The program produced landmark exhibitions and projects in venues such as LACMA, Whitney Museum, MoMA, Brooklyn Museum, and alternative spaces like The Kitchen and Women’s Building. Signature projects included collaborative installations referencing The Dinner Party, process-based performances in collaboration with Fluxus practitioners, and traveling shows that toured to Tate Modern, Centre Pompidou, Stedelijk Museum, Hayward Gallery, and Palais de Tokyo. Workshops resulted in catalogues and biennial presentations at Venice Biennale, community murals in partnership with Murals of Los Angeles initiatives, and public programming hosted by ICA London.
The program influenced museum hiring and acquisition policies at institutions including MCA Chicago, SFMOMA, and National Gallery of Art as well as curriculum reforms at Yale School of Art, RISD, Pratt Institute, Cooper Union, and Barnard College. It seeded networks connecting alumni to curatorial posts at Tate Britain, Hamburger Bahnhof, and policy roles in arts councils like NEA. Scholarship by historians at Smithsonian Institution, Getty Research Institute, and The Metropolitan Museum of Art archives has traced lines from the program to contemporary movements involving participants in Black Lives Matter-adjacent art activism, collaborative pedagogy at Goldsmiths, and intersectional projects led by researchers affiliated with Columbia University and UC Berkeley.

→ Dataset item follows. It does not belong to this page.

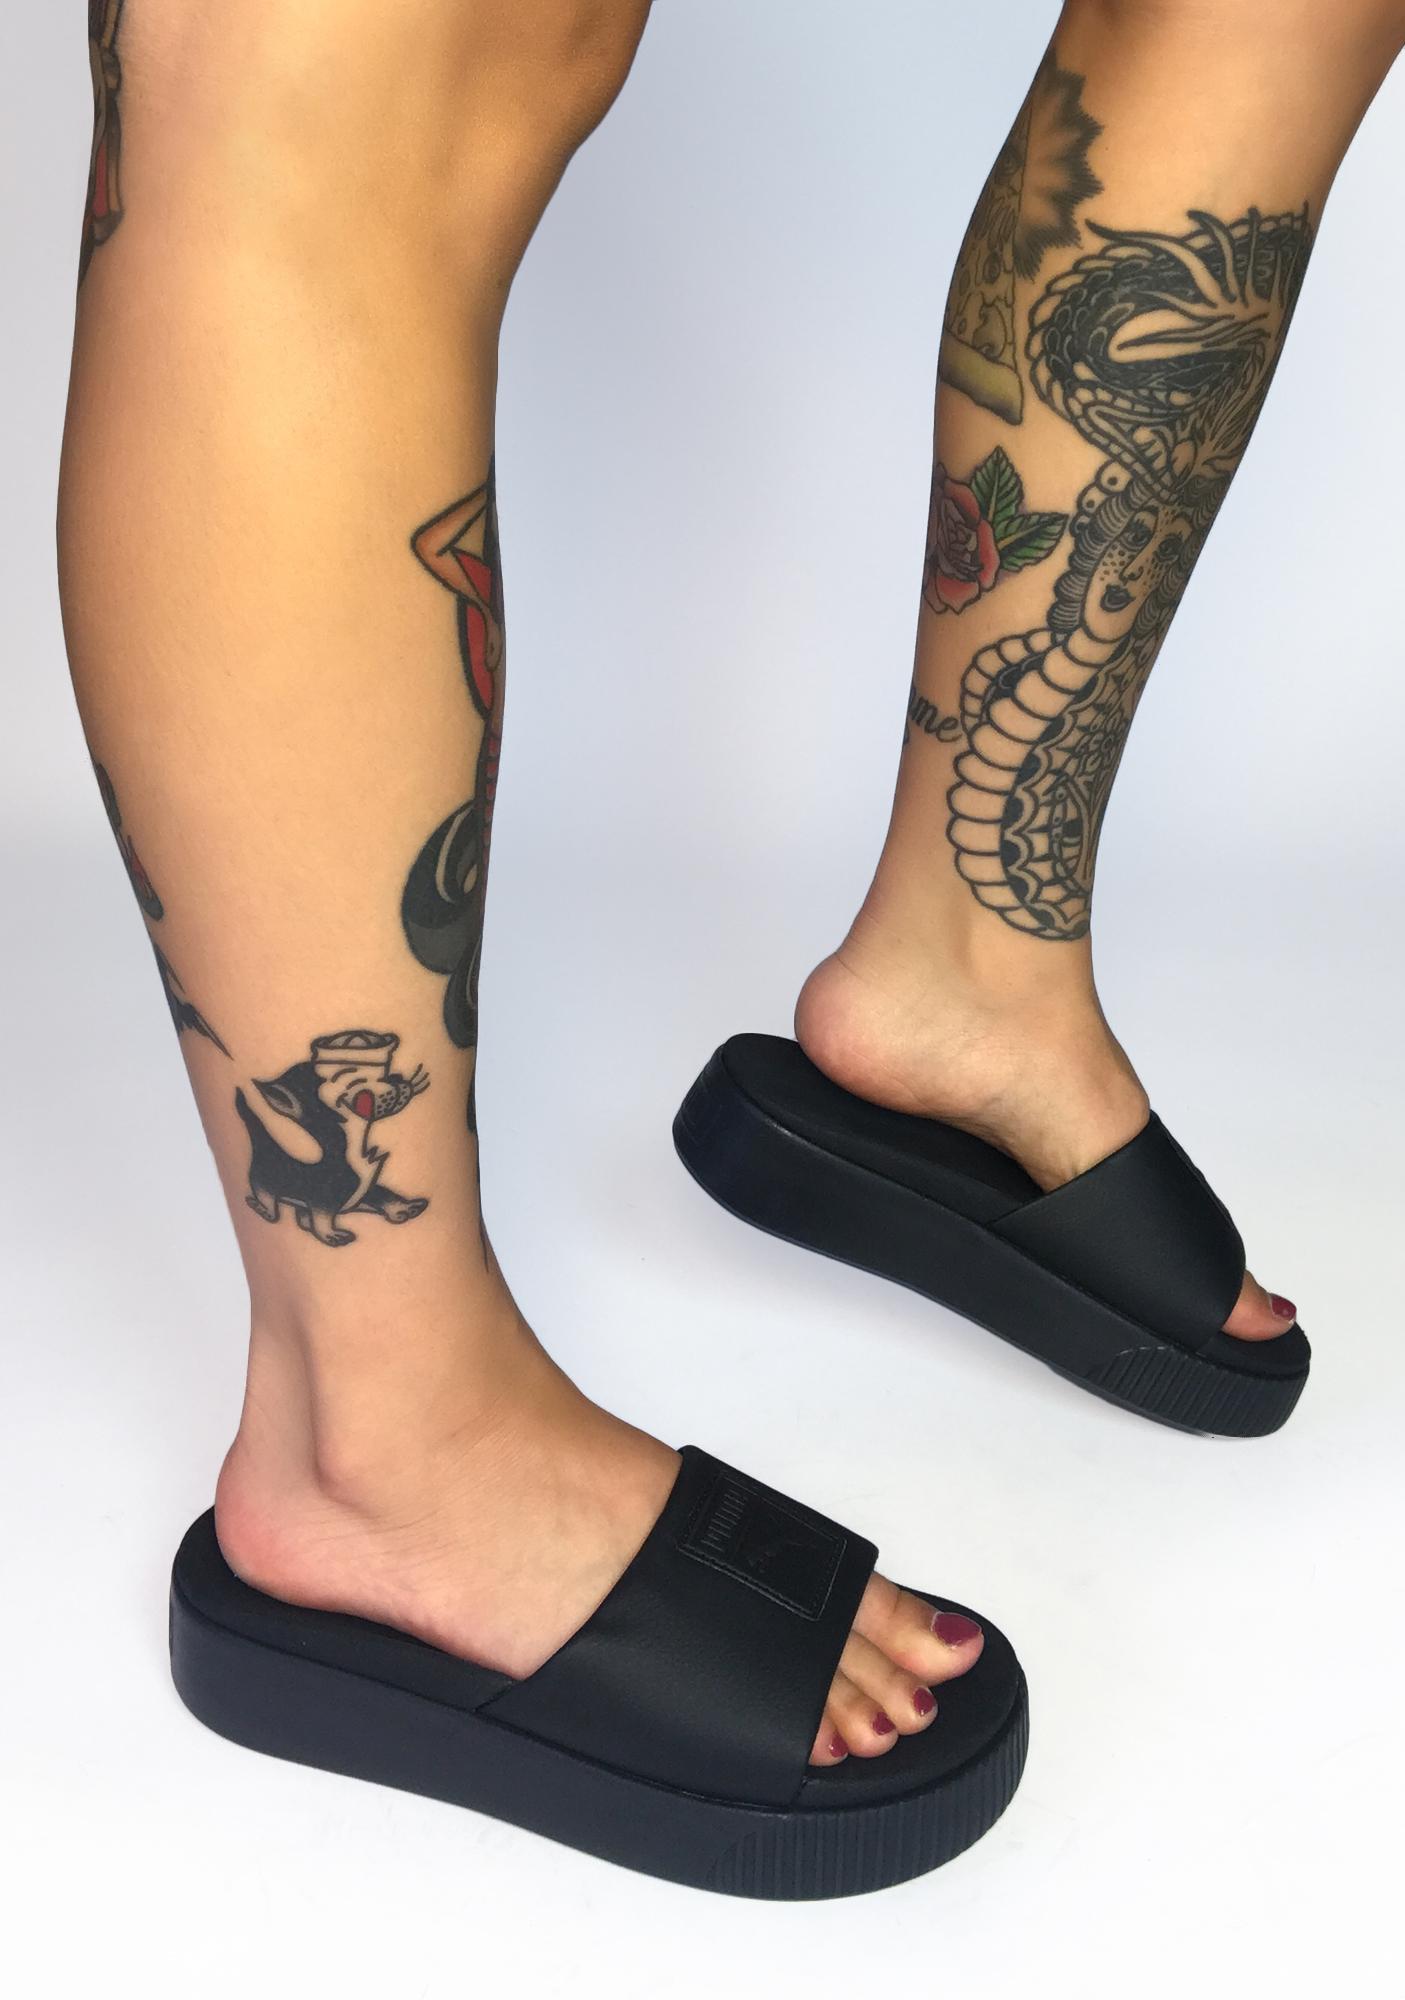 puma platform sandals black

Critiques emerged from scholars and artists associated with bell hooks, Angela Davis, and Cherríe Moraga who argued about representation, inclusivity, and the centering of certain figures over others; debates occurred in journals like Artforum, October, and Women & Performance. Controversies included disputes over authorship reminiscent of legal battles involving estates represented in cases at Second Circuit and editorial disagreements with publishers such as Routledge and MIT Press. Internal tensions paralleled critiques launched by activists in ACT UP and community organizers linked to Asian American Arts Centre and El Museo del Barrio about access for women of color, trans artists, and artists from Indigenous communities.